A fotografia é uma arte, e como tal deve ser exibida. Quando fazemos uma grande impressão, podemos apreciar melhor cada detalhe e o prazer de ver aquela foto especial incorporada ao nosso dia-a-dia, e não guardada num álbum ou gaveta, é indescritível. As fotos emoduradas acompanharão a família por uma vida inteira, mantendo vivas as suas lembranças.
Os livros também têm essa função. E o grande encanto deles é que podem ser levados por aí, uma forma de ter as fotos sempre à mão, prontas para mostrar aos amigos. Gosto de fazer eu mesma a diagramação de cada livro que entrego. É um momento muito gostoso, onde faço a seleção e busco, através de imagens, contar uma história única, por isso cada livro é uma obra exclusiva, feita sob medida para cada cliente que me contrata.

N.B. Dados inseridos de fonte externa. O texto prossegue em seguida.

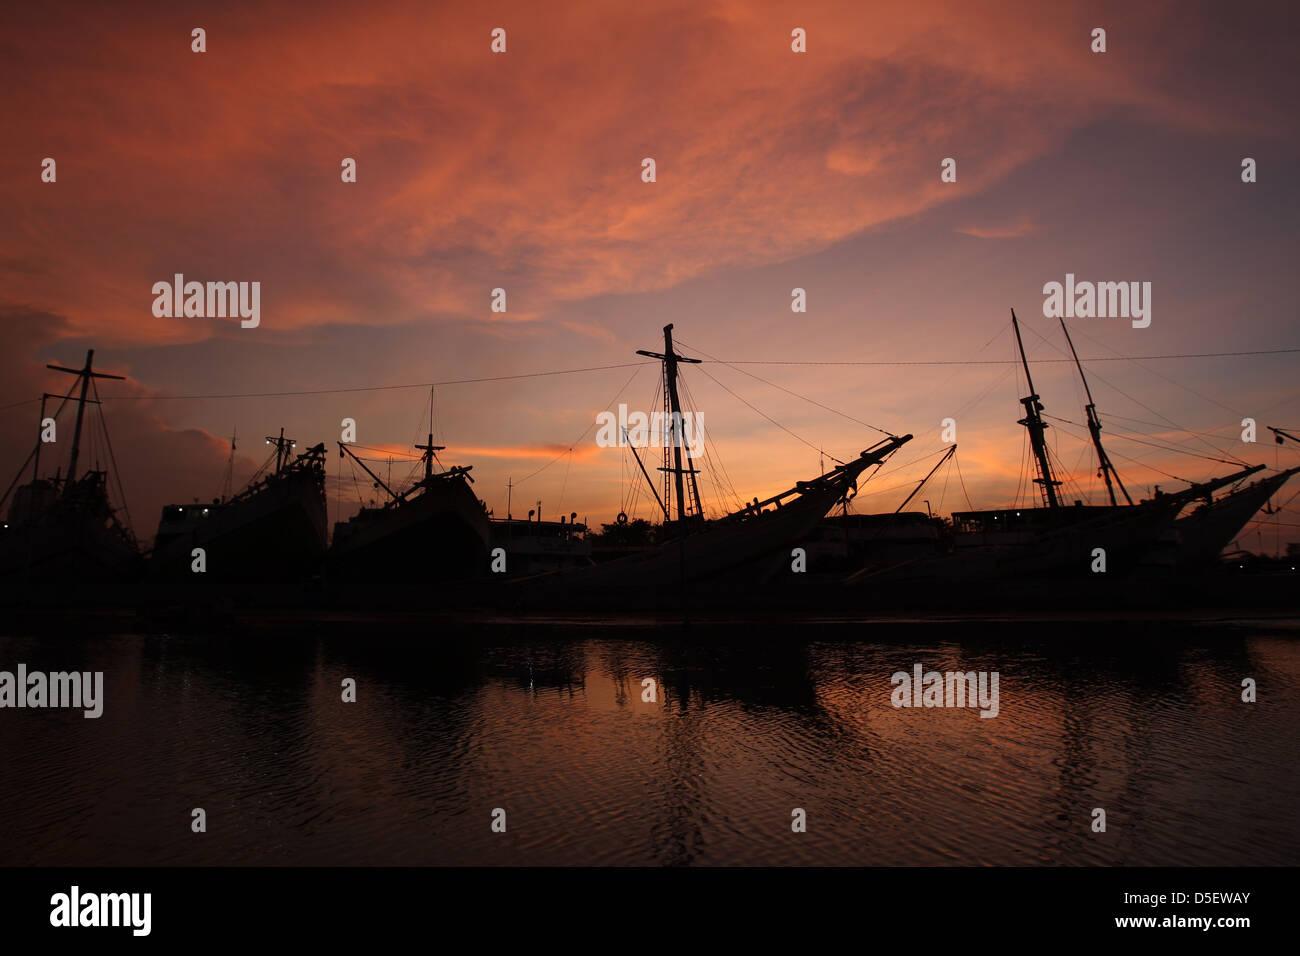 Phinisi at Sunda Kelapa Harbor,Jakarta,Indonesia. - Stock Image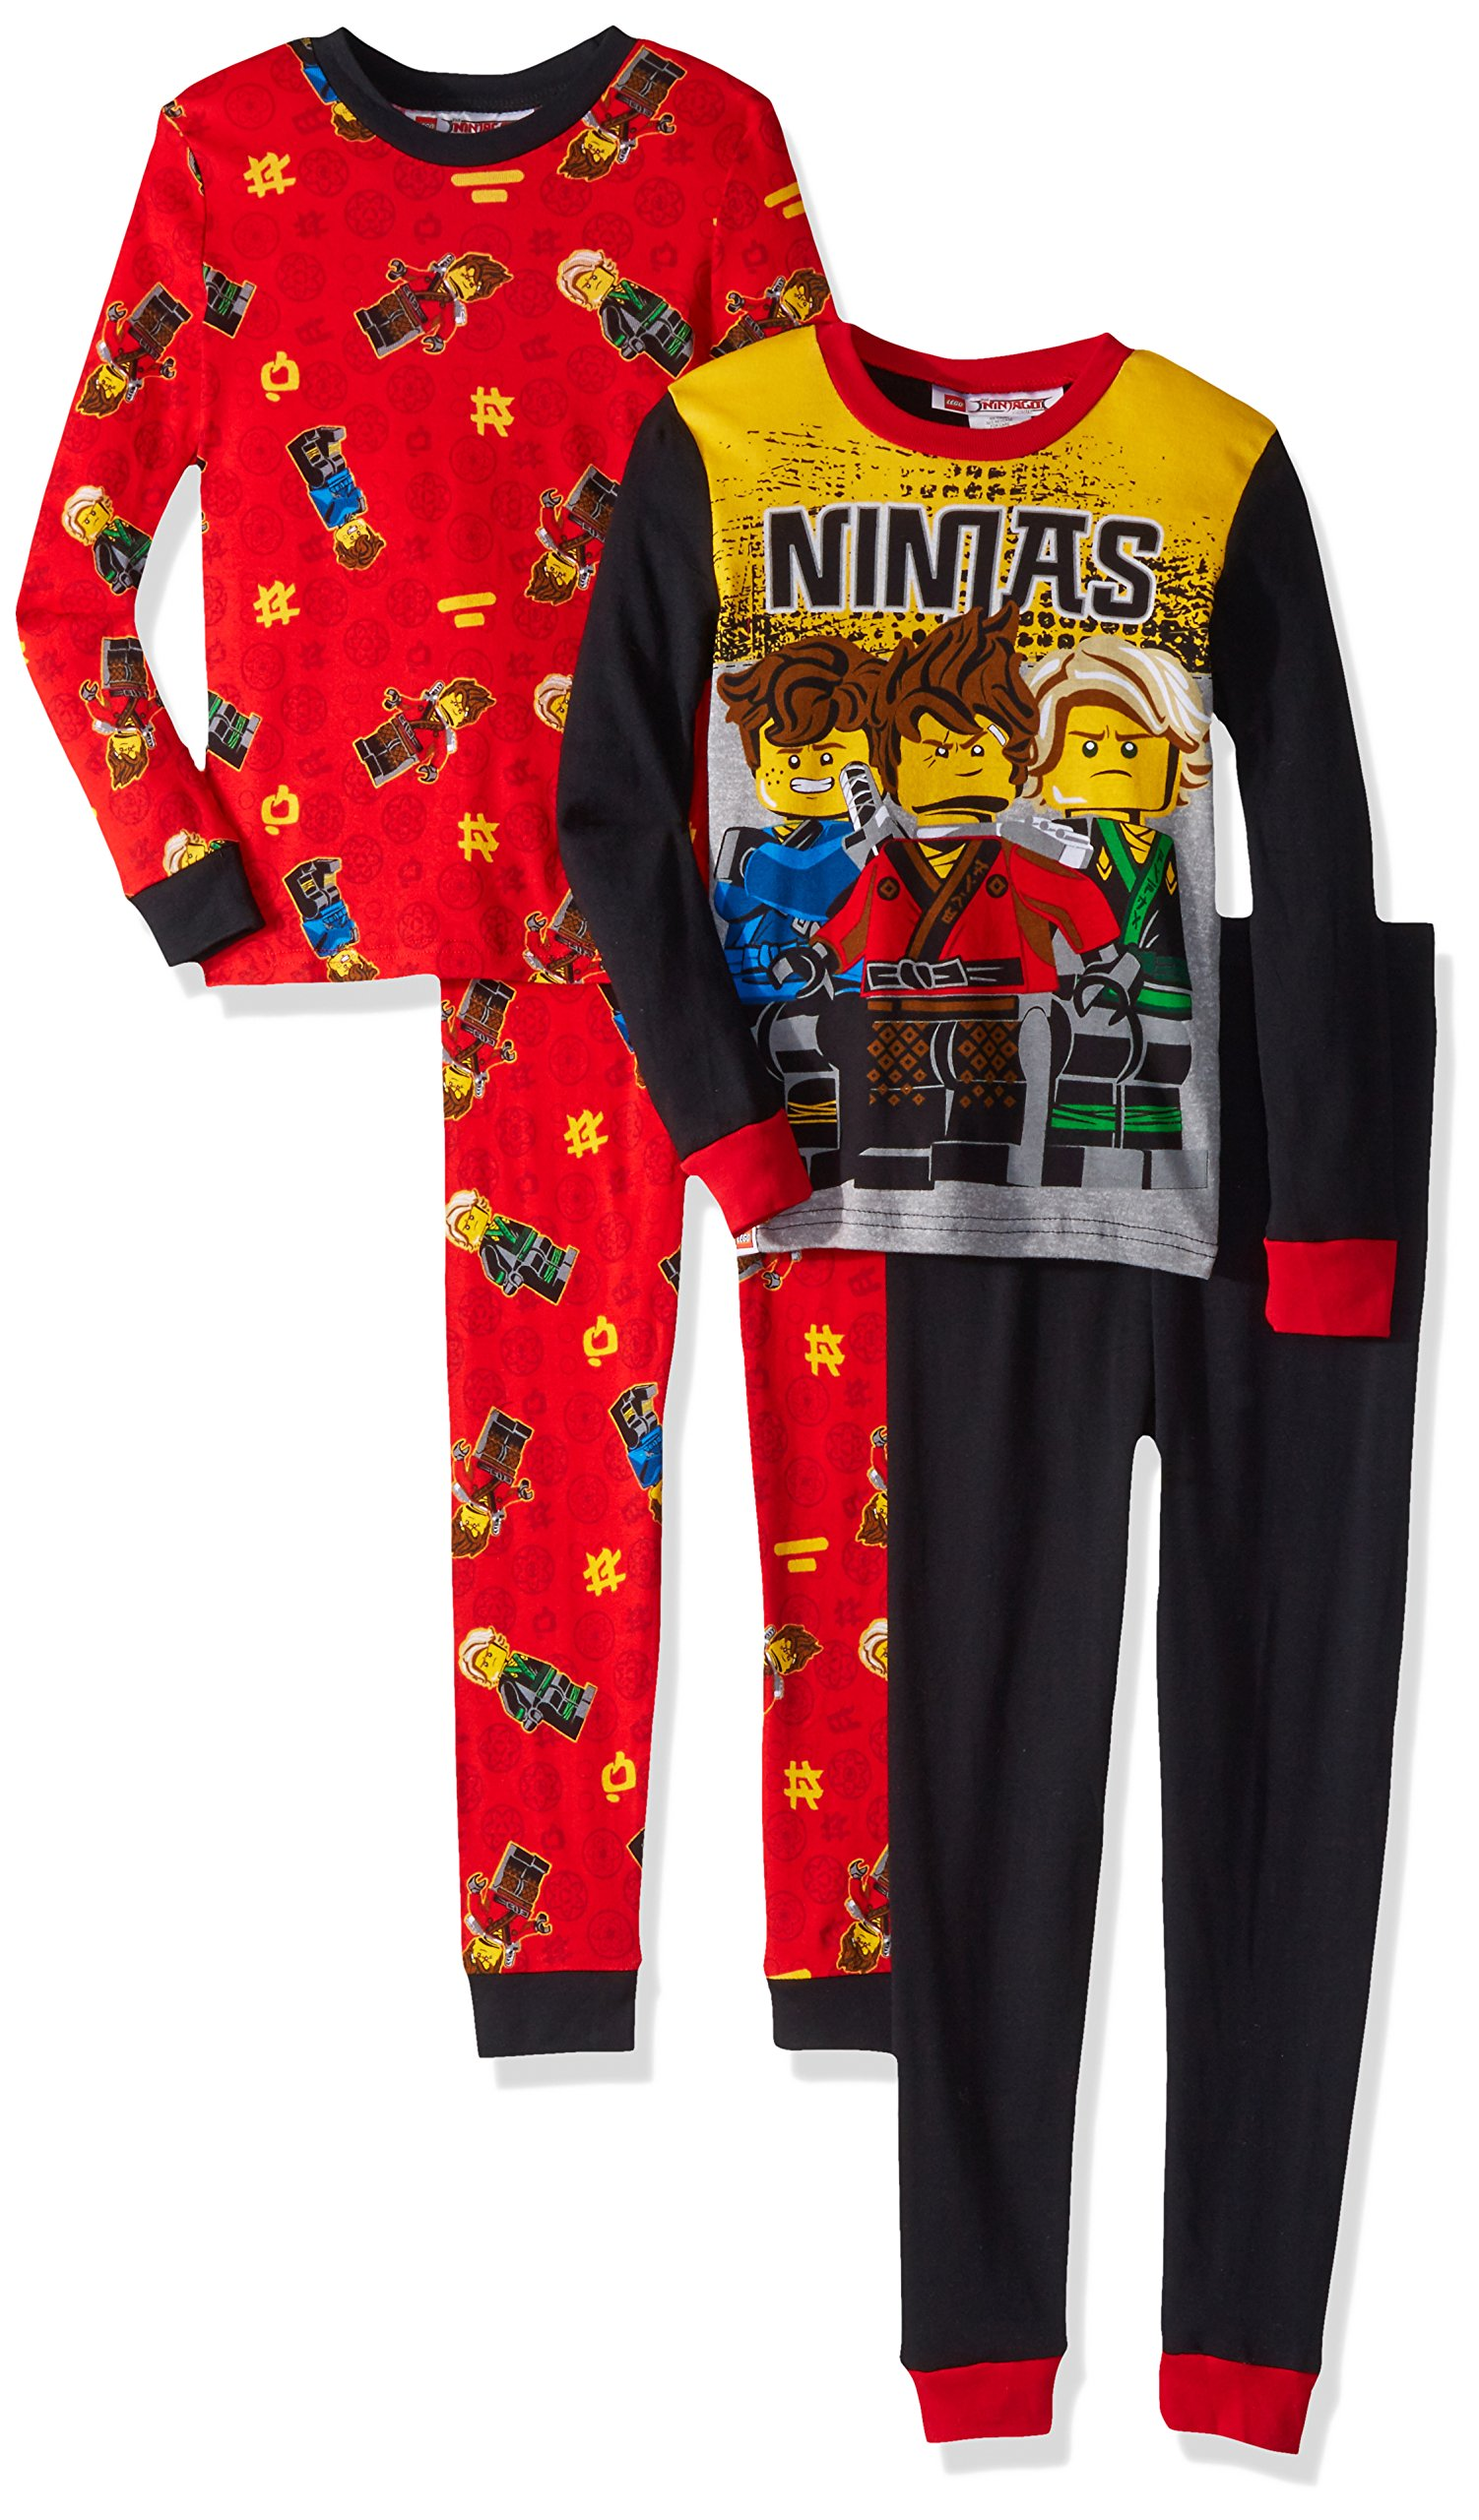 LEGO Big Boys' Ninjago 4-Pc Pajama, 2 Sets Sleeve, Long Pant, Black, 8

Antes de enviar o material a seguir para os clientes, aproveitei para fazer algumas fotos para mostrar aqui no blog. Além de ter sido uma sessão maravilhosa, as escolhas da família me deram oportunidade de fazer tudo o que mais gosto. Aliás, a maior parte dos clientes me diz que o momento mais difícil é o da escolha das fotos que serão impressas e quais os produtos serão escolhidos. A tendência é sempre querer tudo, claro, mas o importante é ter em mente que quem contrata um fotógrafo profissional está em busca de qualidade e não quantidade. Além disso, muito melhor do que receber um cd com arquivos, é levar para casa o produto final na forma que vc escolher, seja ela qual for, mas sempre com a garantia de que cada etapa do trabalho foi feita com conhecimento e empenho por um fotógrafo profissional, um artista que se dedica à qualidade e tem orgulho do que faz!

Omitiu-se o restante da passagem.